IS Case 20:Neuropathic Osteoarthropathy
Imaging Sciences URMC 2008
Publication Date: 2009-05-18
Patient is a 35-year-old female with left foot pain.
AP, oblique and lateral views of the left foot demonstrate severe osteolysis of the forefoot, distal to the mid-tarsal bones. Note diffuse osteopenia, osteophytosis and subchondral cysts of the phalanges, and relative sparing of the mid and hindfoot.
Figure 1A-C: AP (A), oblique (B) and lateral (C) views of the left foot demonstrate severe osteolysis of the forefoot, distal to the mid-tarsal bones. Note diffuse osteopenia, osteophytosis and subchondral cysts of the phalanges, and relative sparing of the mid and hindfoot.
Neuropathic osteoarthropathy describes a destructive process of the bones and joints following a neurosensory deficit. Numerous diseases may result in neuropathic osteoarthropathy, such as diabetes mellitus, syringomyelia, tabes dorsalis, myelomeningocele, alcoholism, multiple sclerosis, amyloidosis and leprosy. Neuropathic osteoarthropathy can affect the upper extremity, spine and lower extremity.
Involvement of the lower extremity is more common than involvement of the upper extremity.
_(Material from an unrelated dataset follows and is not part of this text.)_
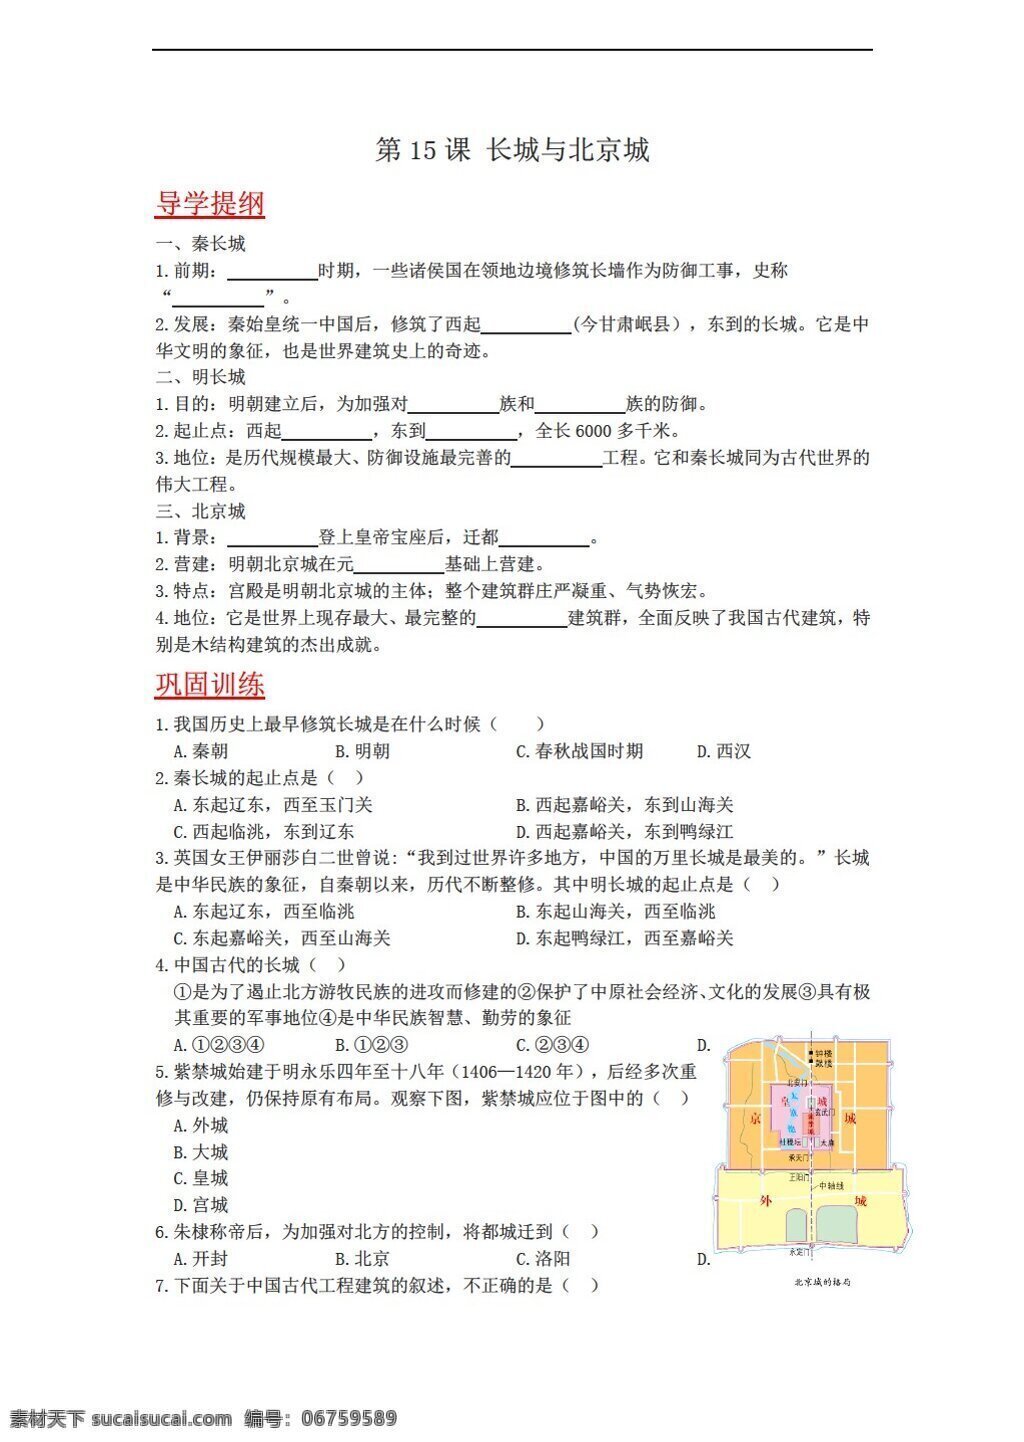 七 年级 下册 历史 课 长城与北京城 学案含答案 川教版 七年级下册 学案

In the past, syphilis was the most common cause of lower extremity neuropathic osteoarthropathy, usually involving the knee joint. At present, long standing diabetes mellitus is the most common cause.
Radiologic findings fall into either hypertrophic or atrophic patterns. Classic hypertrophic neuropathy results in bone destruction and proliferative changes. Findings consist of joint destruction, fragmentation, osteosclerosis and osteophytosis.
Atrophic neuropathic osteoarthropathy describes findings of severe osteolysis, giving the appearance of surgical amputation. As in the hypertrophic form, joint disarray and blood effusions are also findings in the atrophic type. Atrophic neuropathic osteoarthropathy is sometimes confused with septic arthritis. Mixed patterns of atrophic and hypertrophic findings may be encountered. Fractures are an uncommon complication of neuropathic osteoarthropathy and may result in bizarre appearing callus formation if left unrecognized. This patient did not have diabetes mellitus, and the cause of the patient’s neuropathic osteoarthropathy is unknown.